►
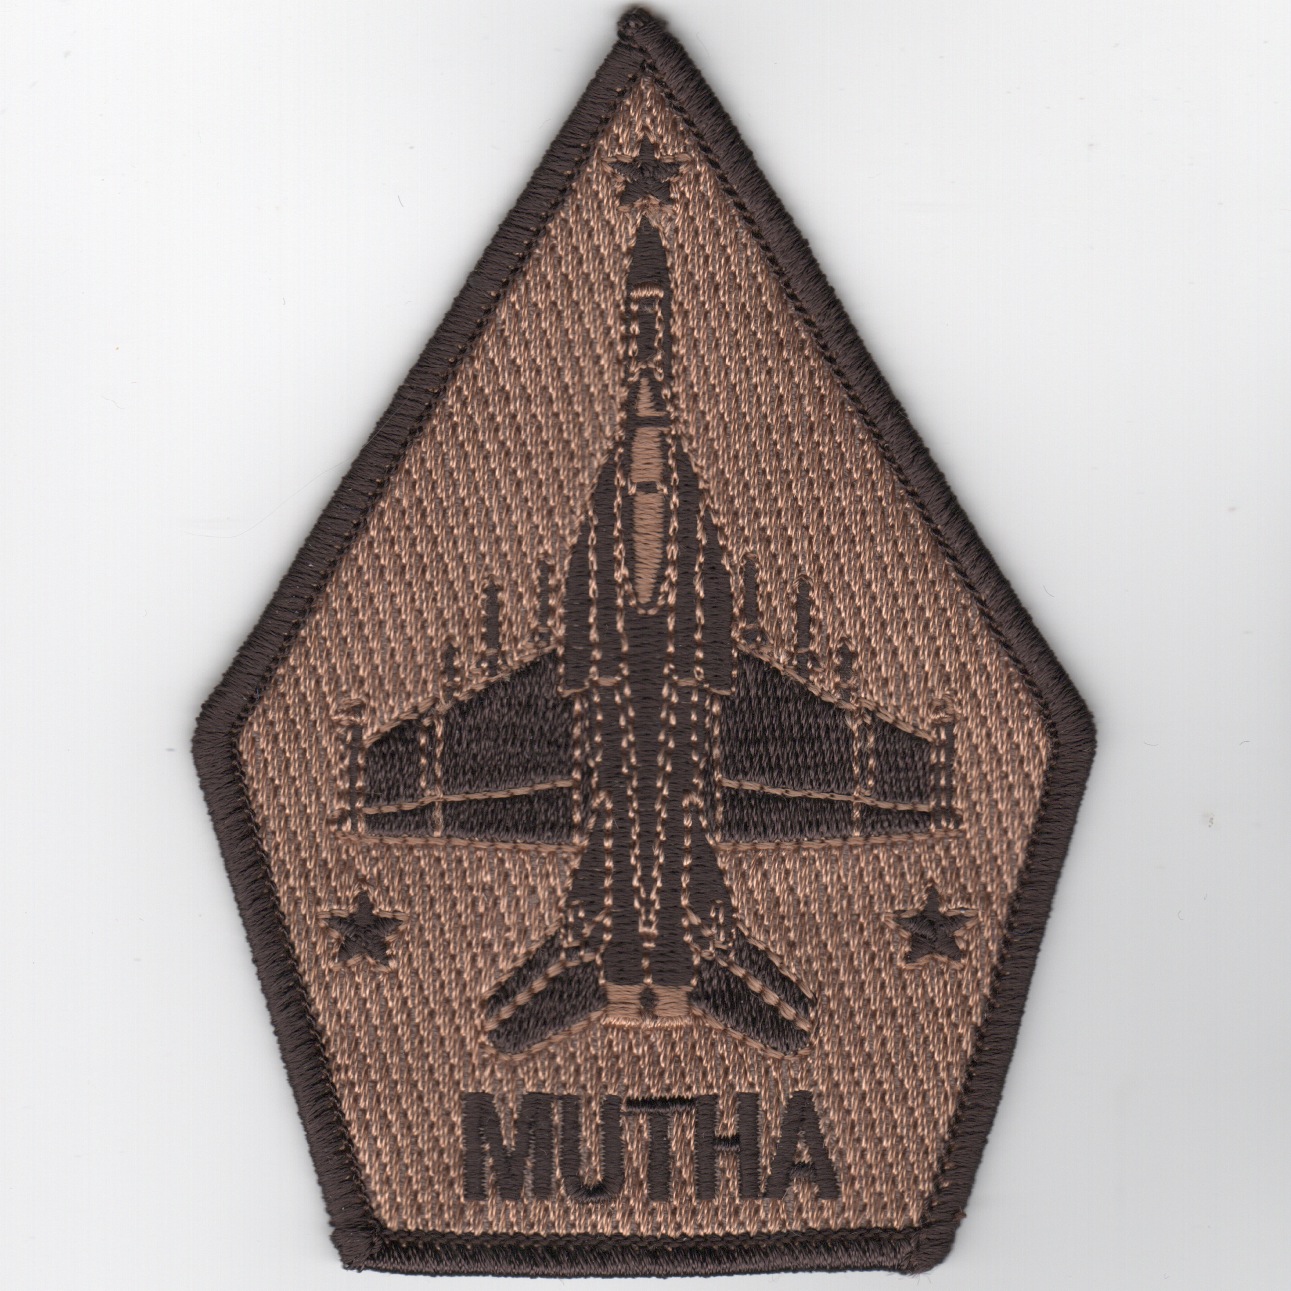 VFA-213 A/C 'Coffin' Patch (MUTHA-Des)
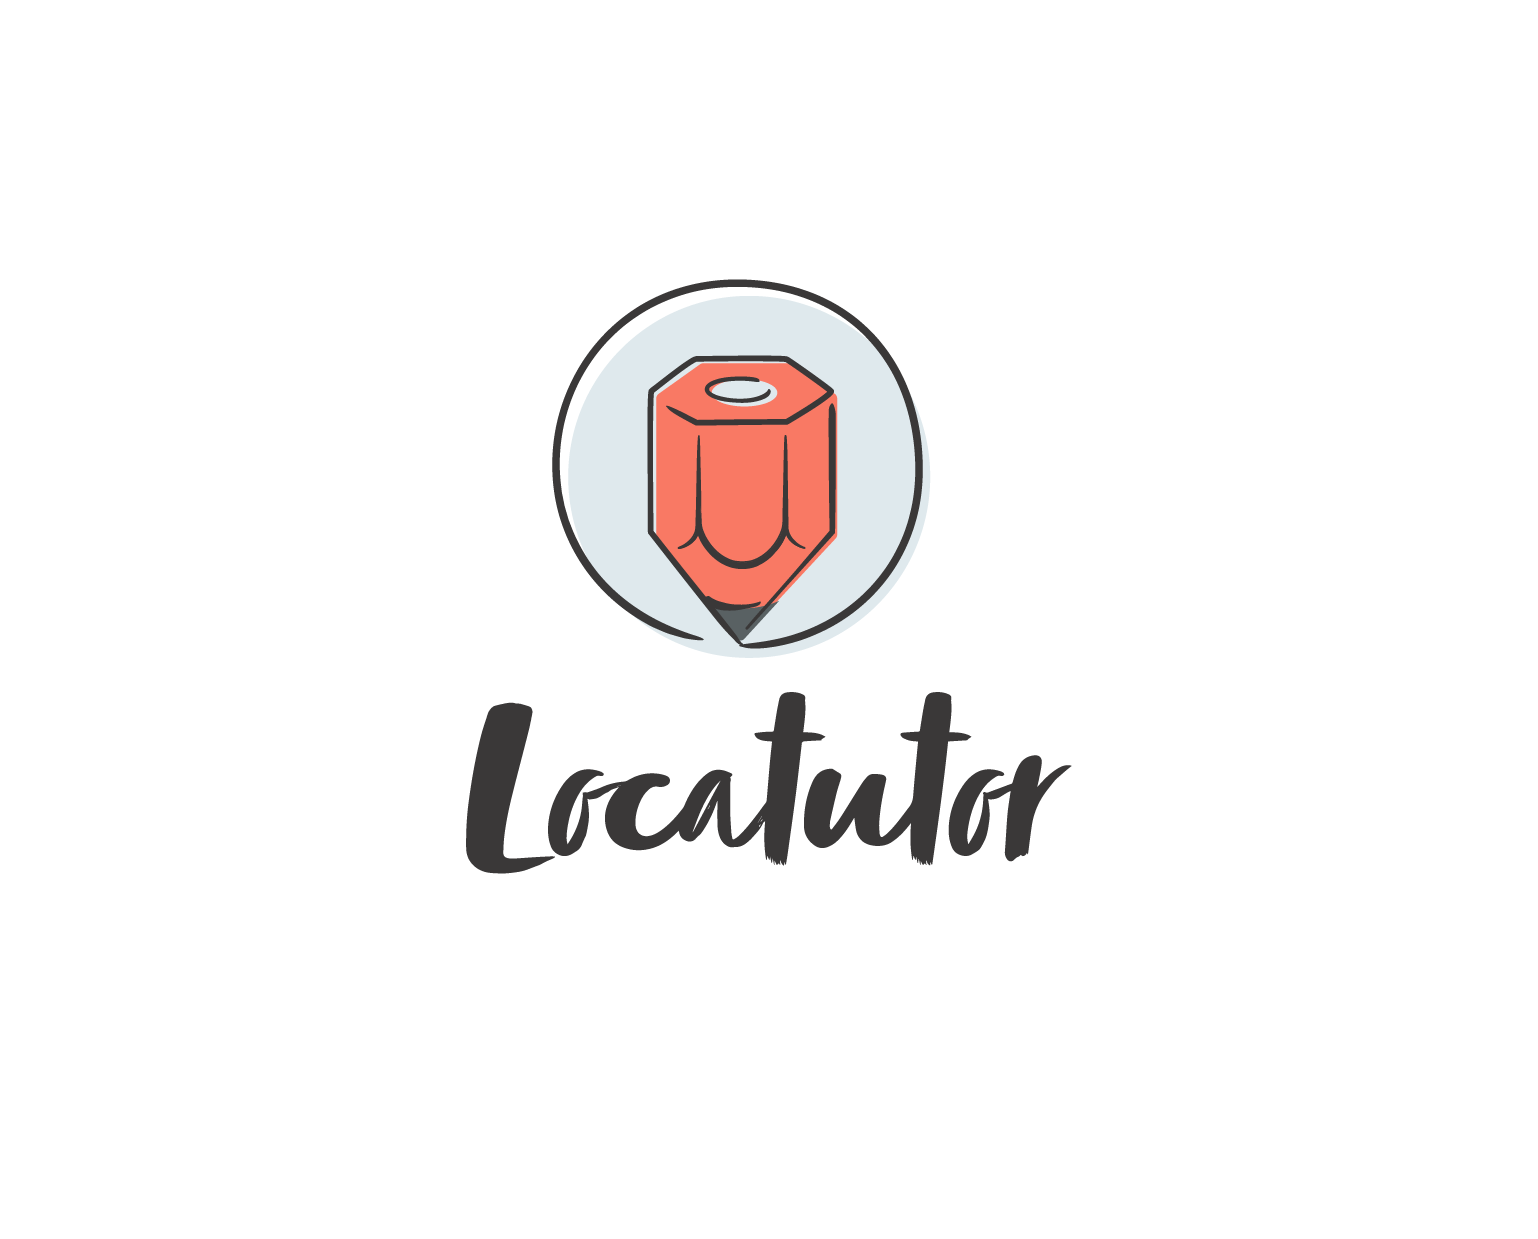 Locatutor - Brand development and logo design
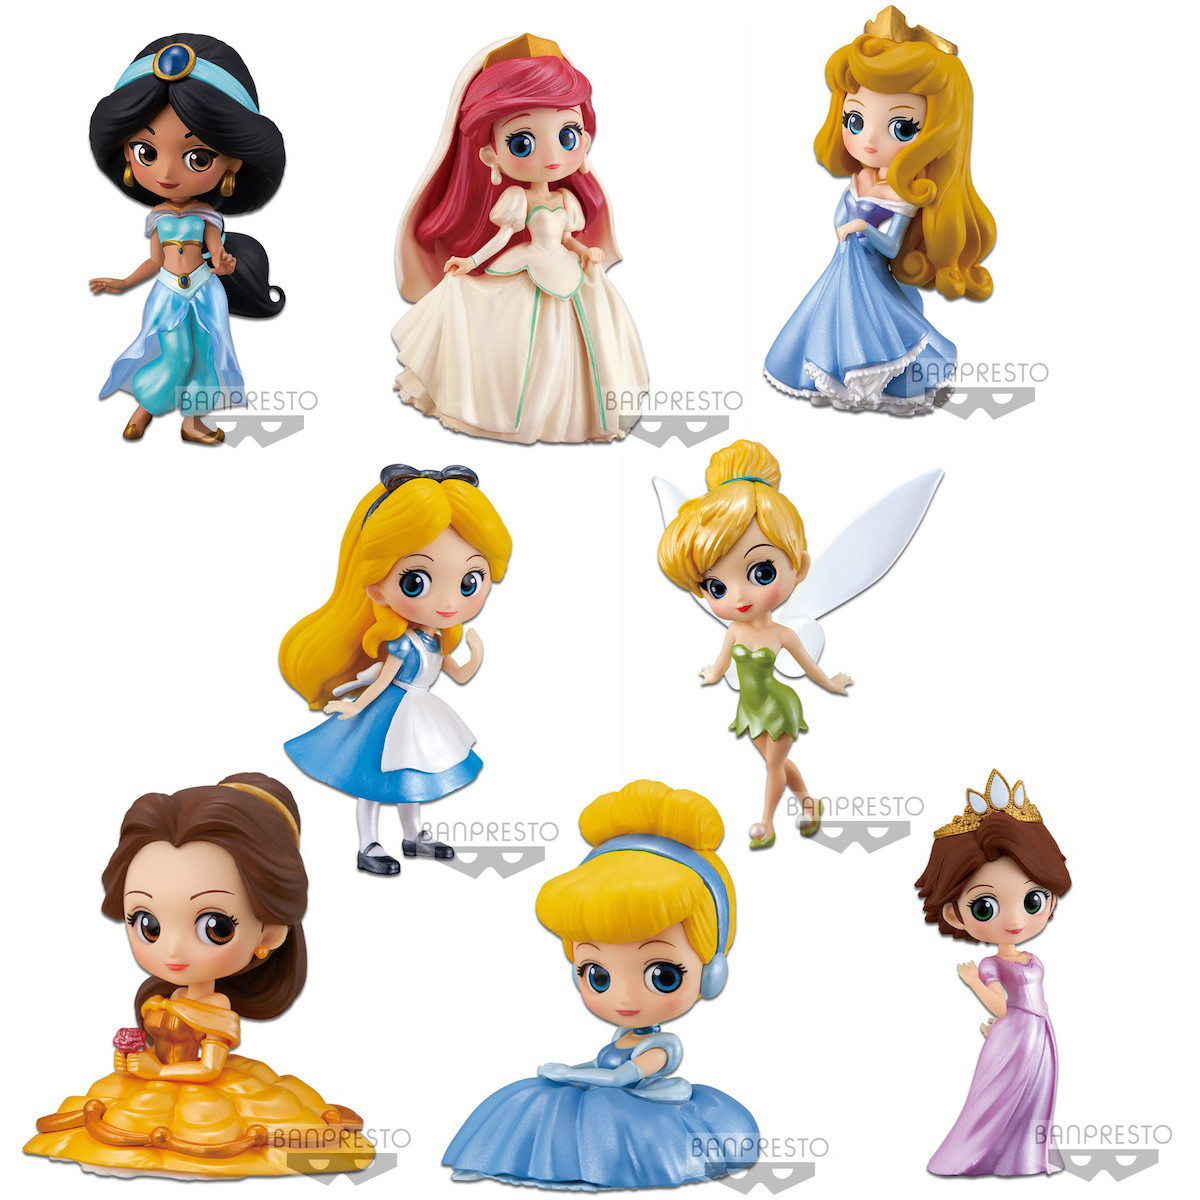 Japan Banpresto Q Posket Disney Characters Petit Princess Figure Vol 8 
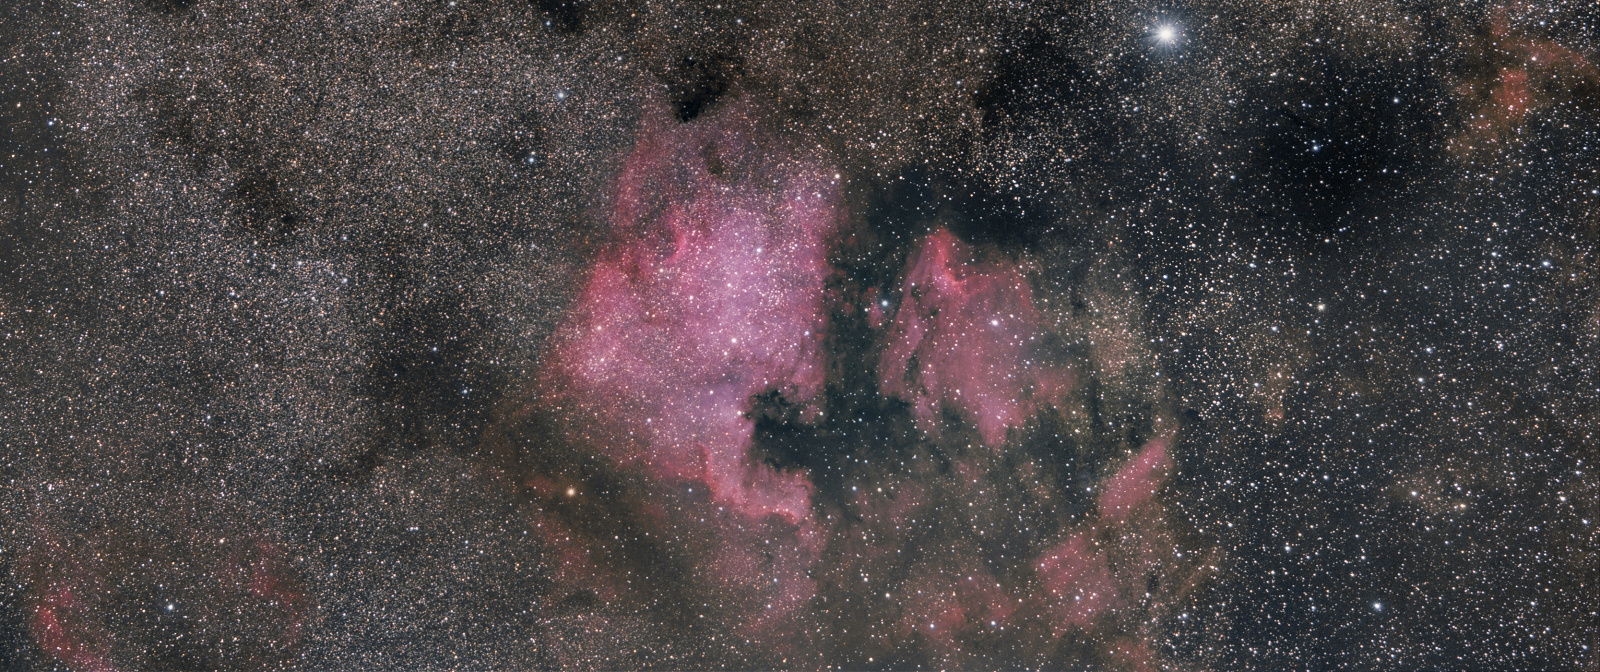 NGC_7000_finalversion_narrow_small.jpg
◄
## Required action:
The lines wanted run from the one with "Japan Banpresto Q" through the final line of the data; repeat them word for word and skip every picture.

## Your response:
 Japan Banpresto Q Posket Disney Characters Petit Princess Figure Vol 8 
 NGC_7000_finalversion_narrow_small.jpg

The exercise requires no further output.